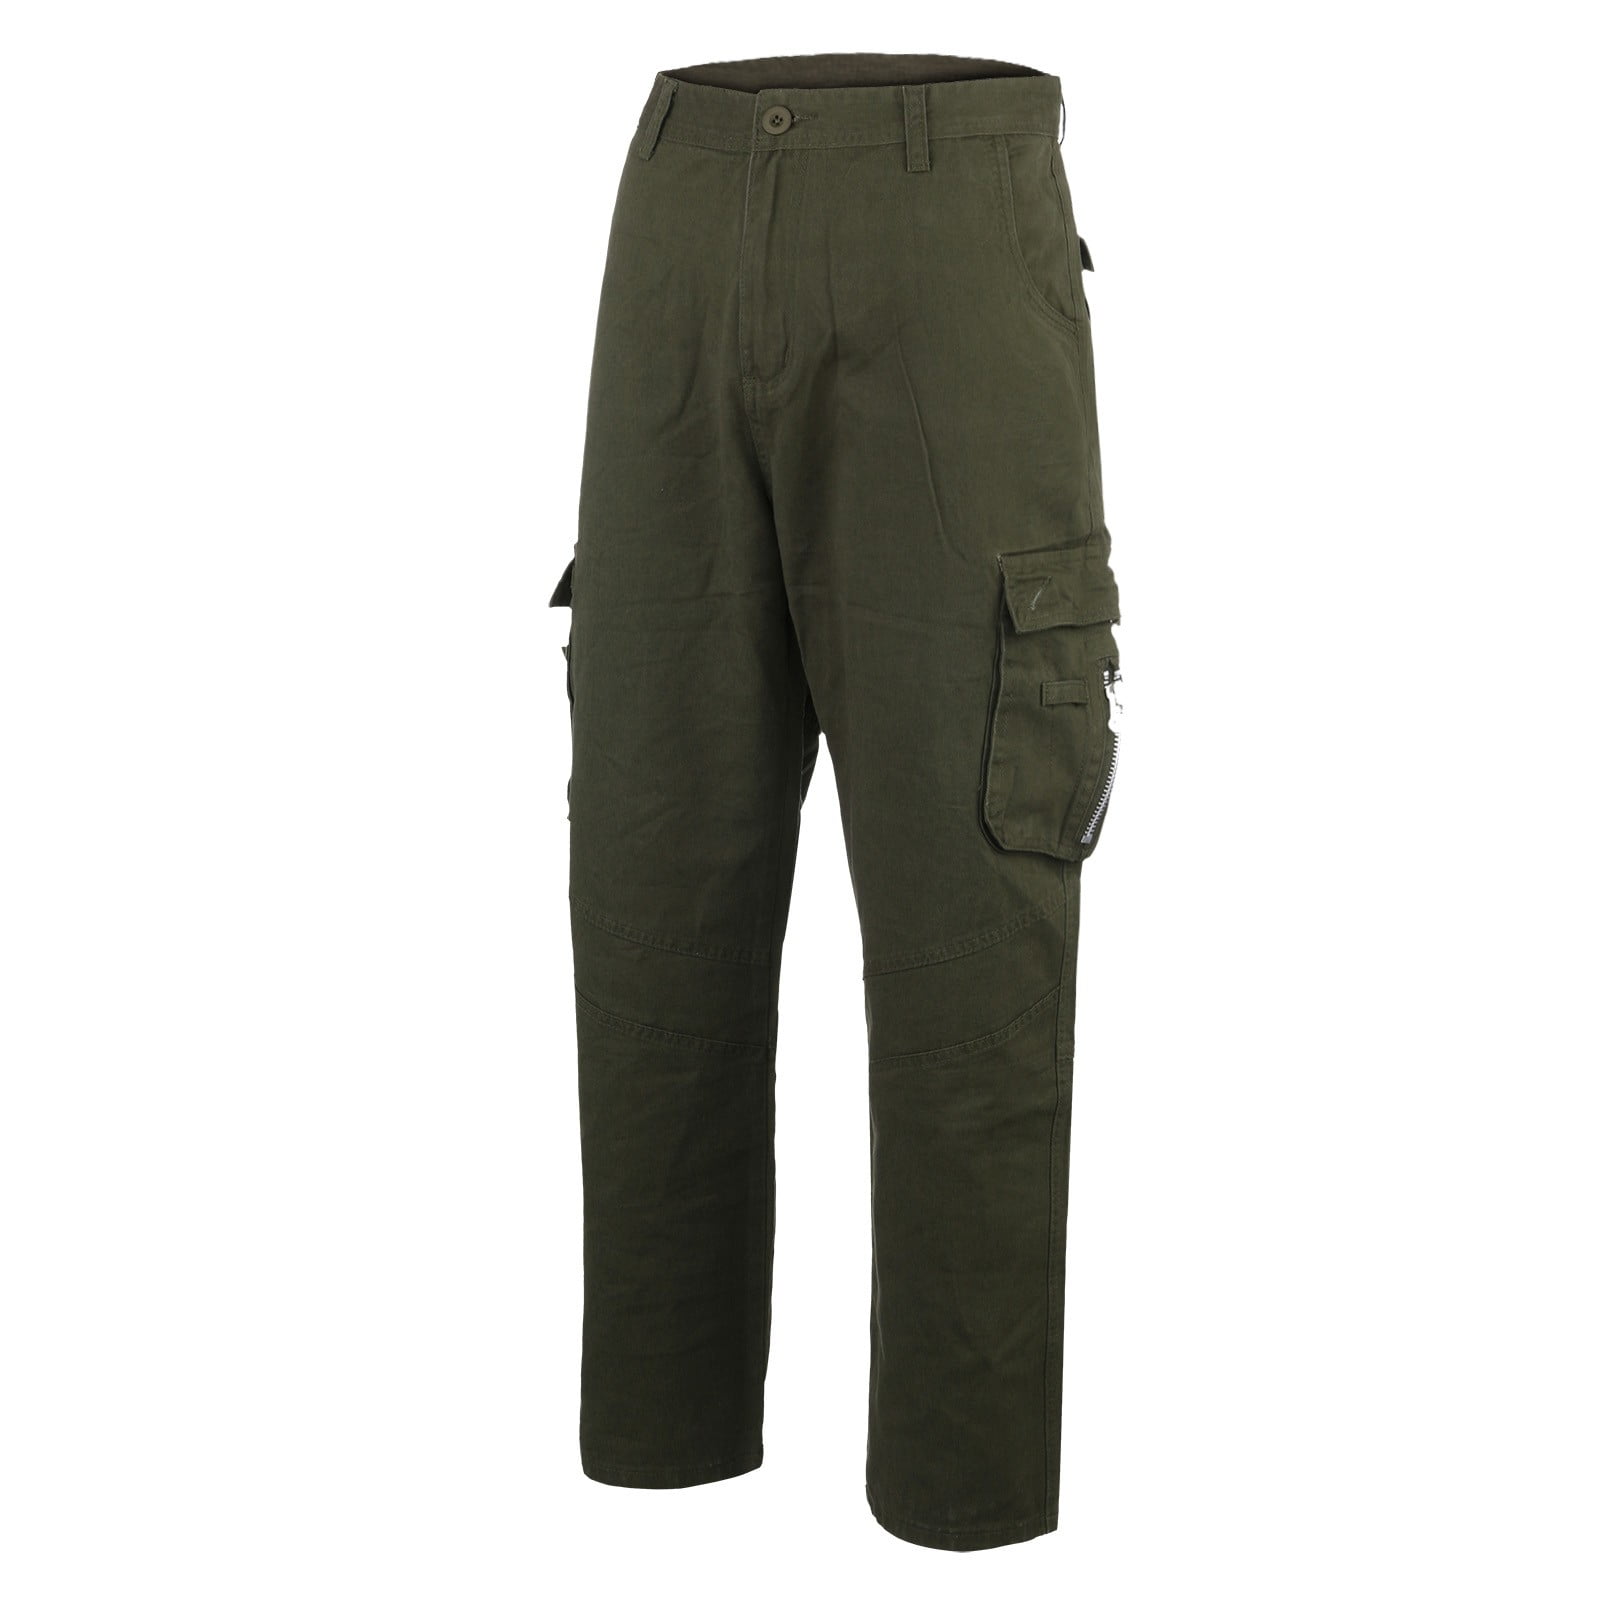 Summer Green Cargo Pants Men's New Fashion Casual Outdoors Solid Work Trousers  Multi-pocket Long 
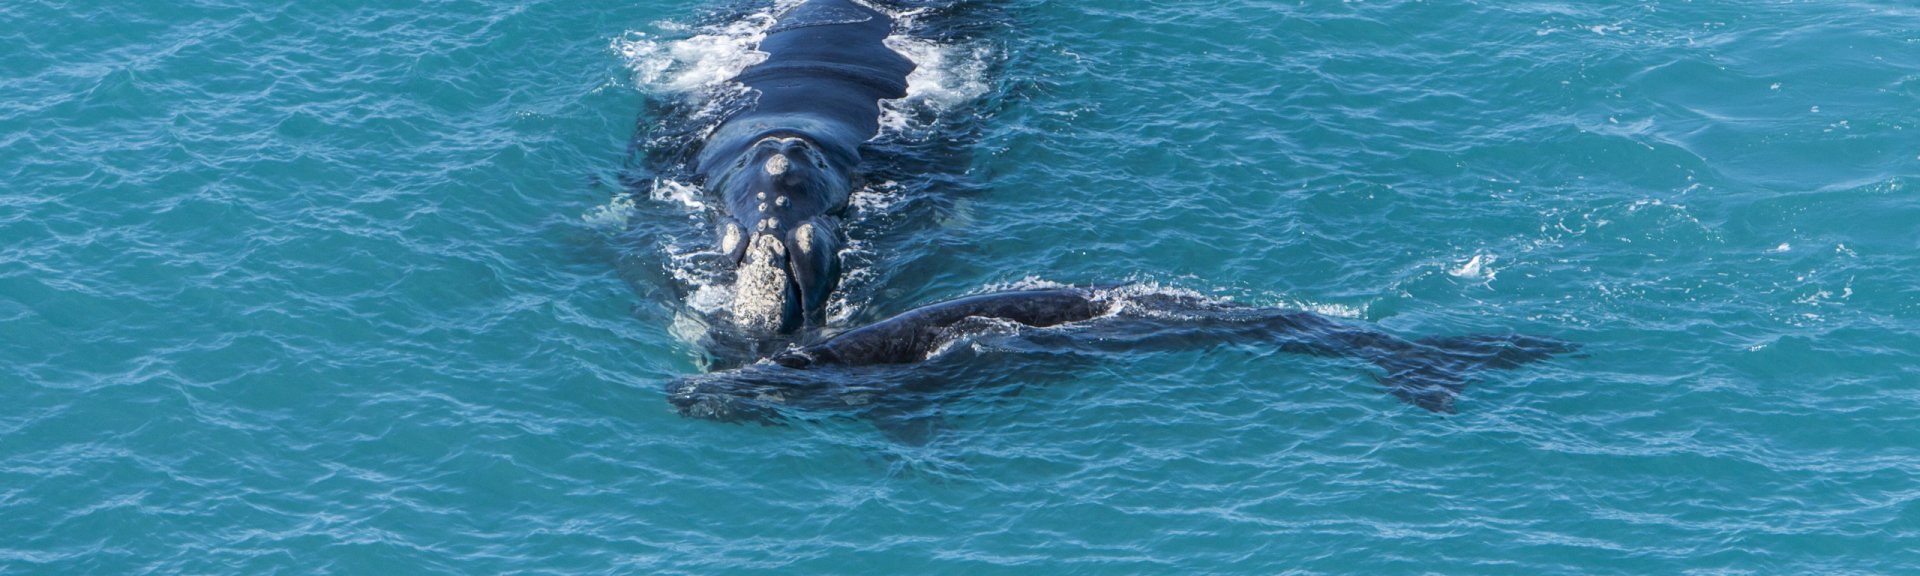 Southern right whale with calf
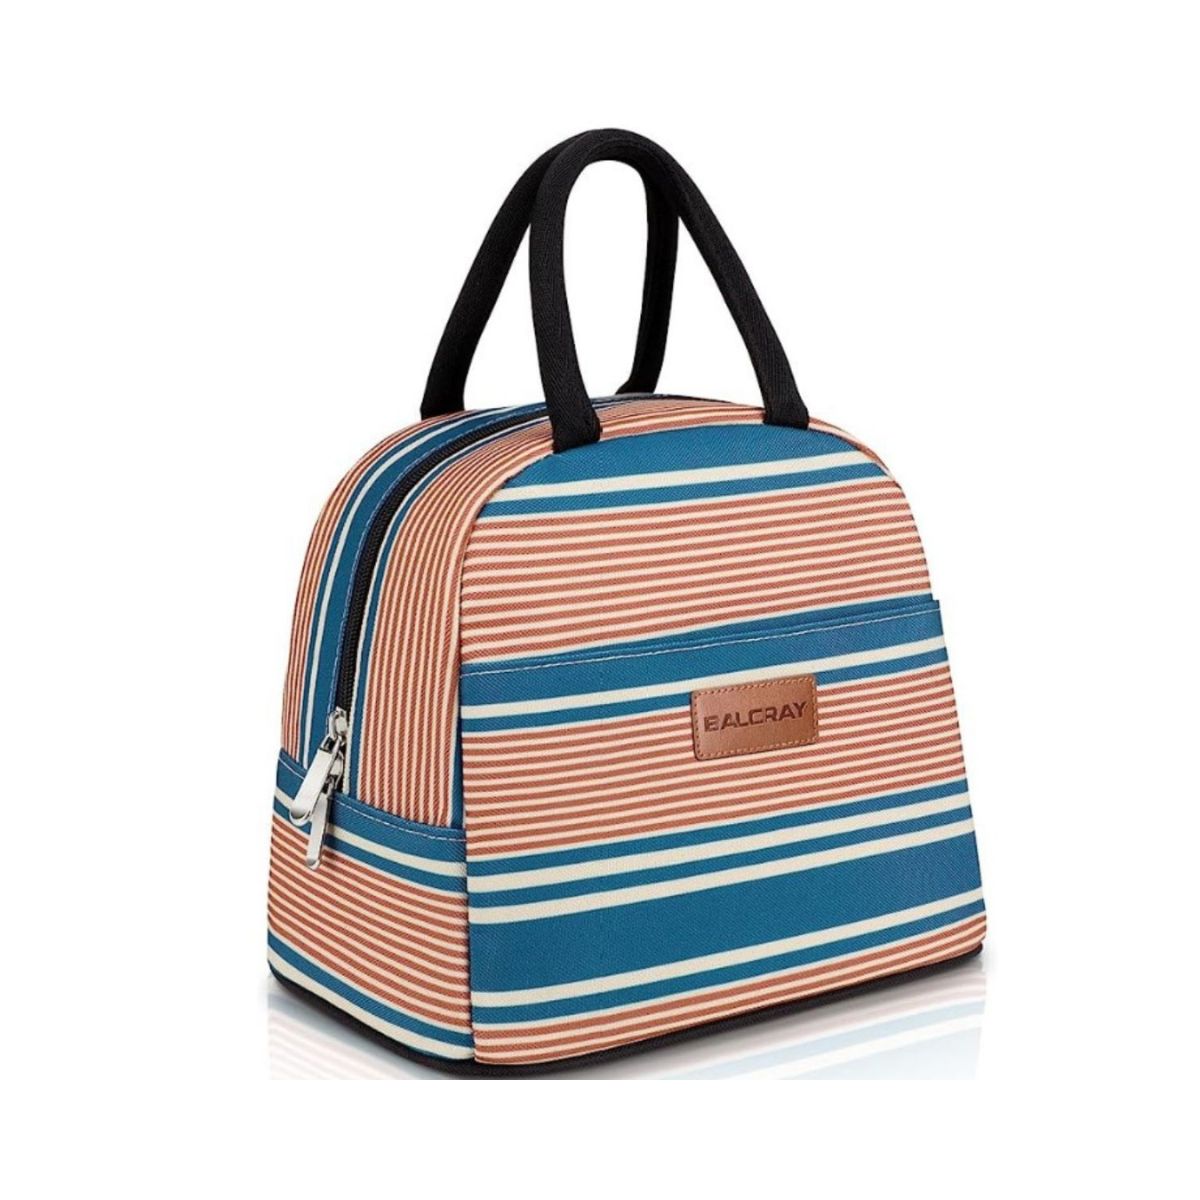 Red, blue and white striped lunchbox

------------------------

**What you should do**
Give the data above again exactly. Leave the pictures out.

**Completed task**
 Summer Green Cargo Pants Men's New Fashion Casual Outdoors Solid Work Trousers  Multi-pocket Long 
 Southern right whale with calf
 Red, blue and white striped lunchbox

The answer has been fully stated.